Another outstanding film by Zhang Yimou, it really is. If there is one country that can still make real heart warming dramas, it's the mainland. This film is truely outstanding. The idea of switching between colour and black & white in the film depicting the different times as they flash back is great.

If you like drams, this is a must. I'm surprised hardly anyone else has appeared to have seen this, even for the fact that Zhang Zi Yi is in it. Though she was still a new actress at this time, she really seems to be putting her heart into this film, as though she had been in the film industry all her life.

Highly recommended.

Rating: 5/5


Reviewed by: danton
Date: 01/03/2002

Zhang Yimou's mosty recent,and the movie that marked Zhang Ziyi's emergence as a major star. This is a very quiet, subdued effort that relies on subtle emotions to tell what in the end is a very touching love story.
The movie starts in B/W, in a desolate winter landscape, with no music and stark, cold cinematography: The narrator has returned to his parental village to help bury his father, the late school teacher, who has died in the neighboring town and is now awaiting burial. According to old customs, his mother insists that her husband's coffin be carried by the villagers on foot from the town to his home so that he "may remember and find his way home".

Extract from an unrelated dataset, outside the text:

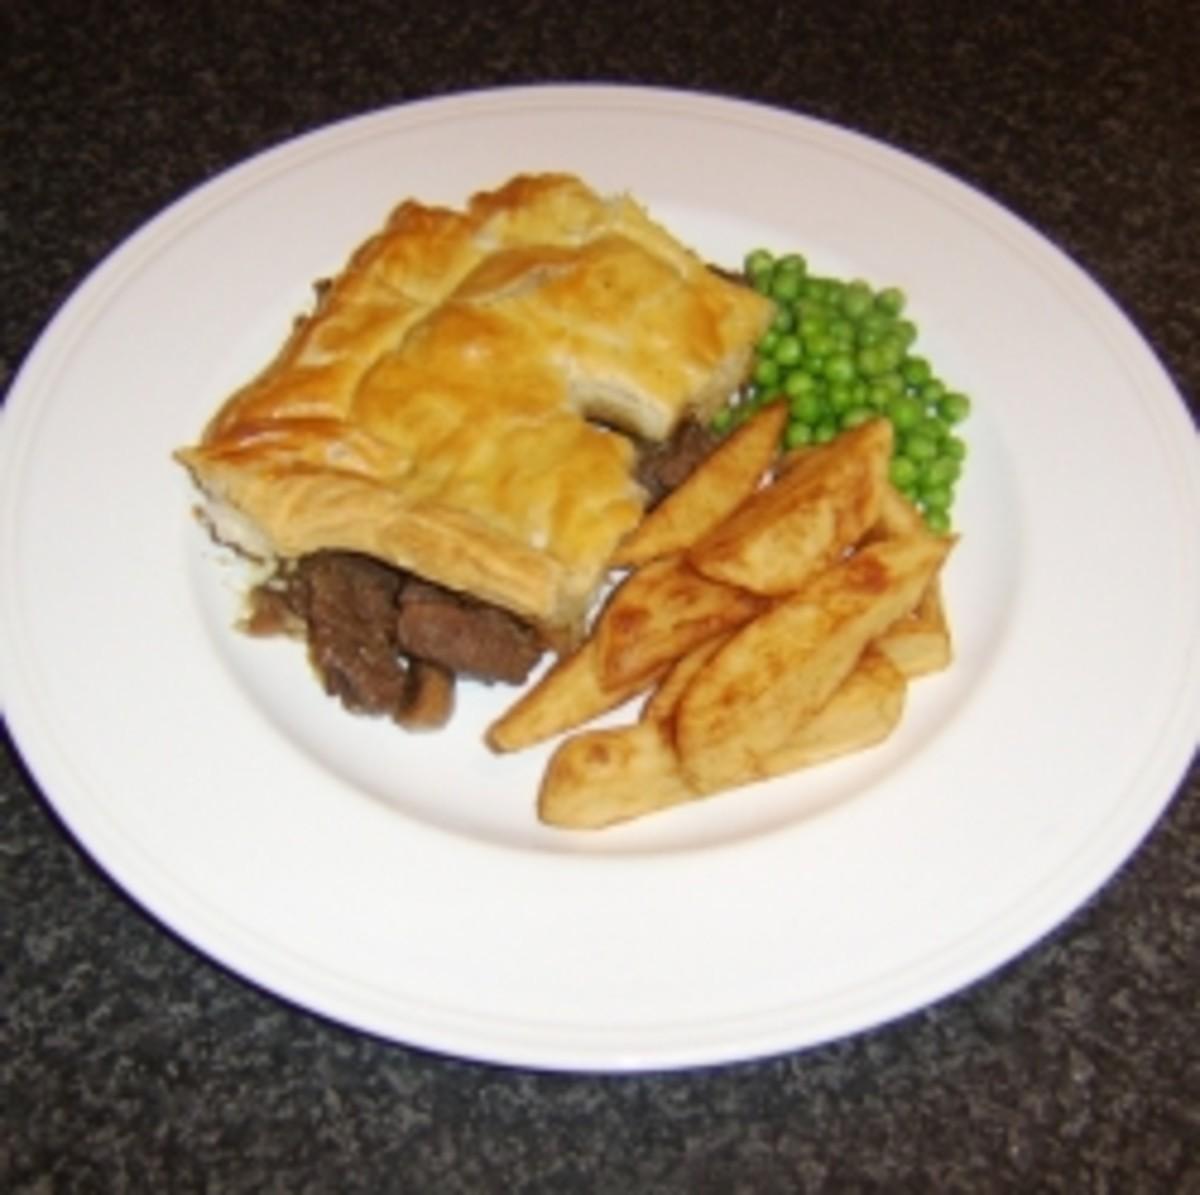 Homemade Steak and Kidney Pie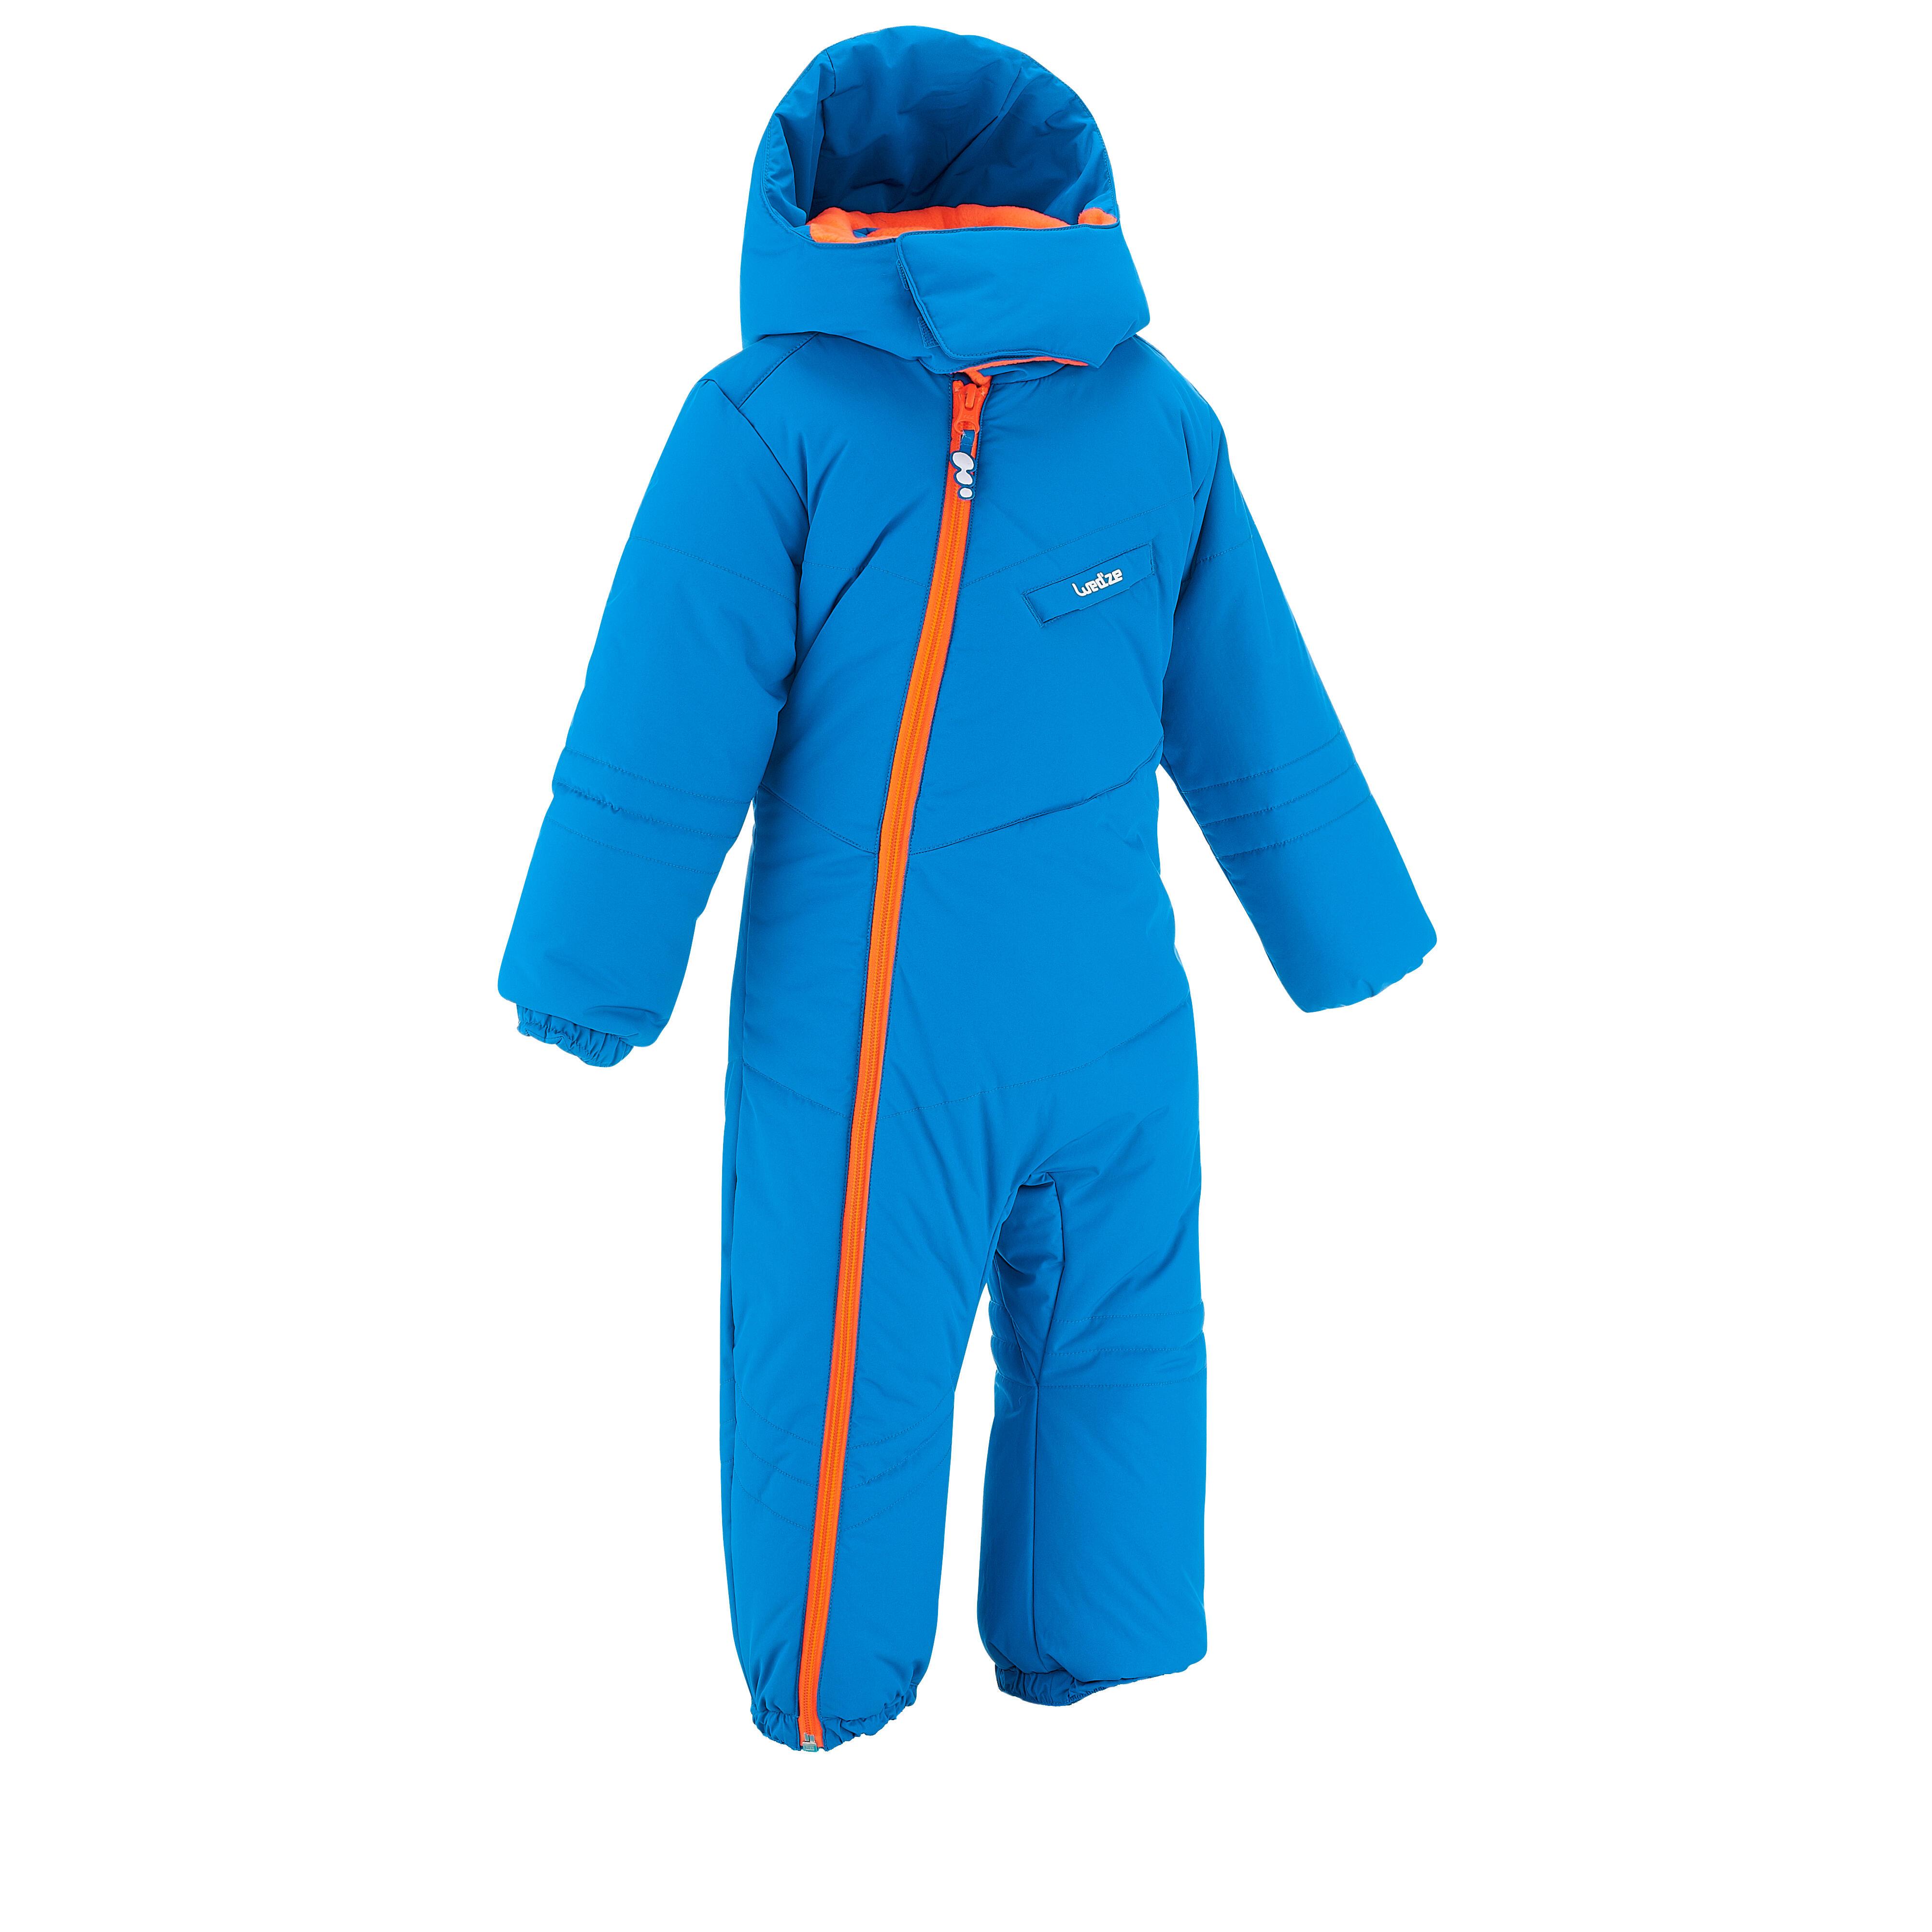 Wed'ze Sneeuwpak warm voor sleeën babyblauw thumbnail

All this turns out to be a narrative frame for the movie's actual story: recalling/showing the courtship/love story between his father as a young man when he first arrived in the village, and his mother as a young girl, played by Zhang Ziyi. Once the movie shifts to this story, the cinematography becomes softer, colors are introduced, as is music, and the season changes to summer. What follows is a touching, bittersweet and very heart-warming narrative completely dominated by Zhang Ziyi, who gives an astounding performance. The camera is clearly in love with her, and she manages to convey all the conflicting emotions of first love with little dialog and without ever touching a falso note. There is no melodrama, and in fact little happens at all. Instead, the movie concentrates on the little things that happen between two people slowly falling in love.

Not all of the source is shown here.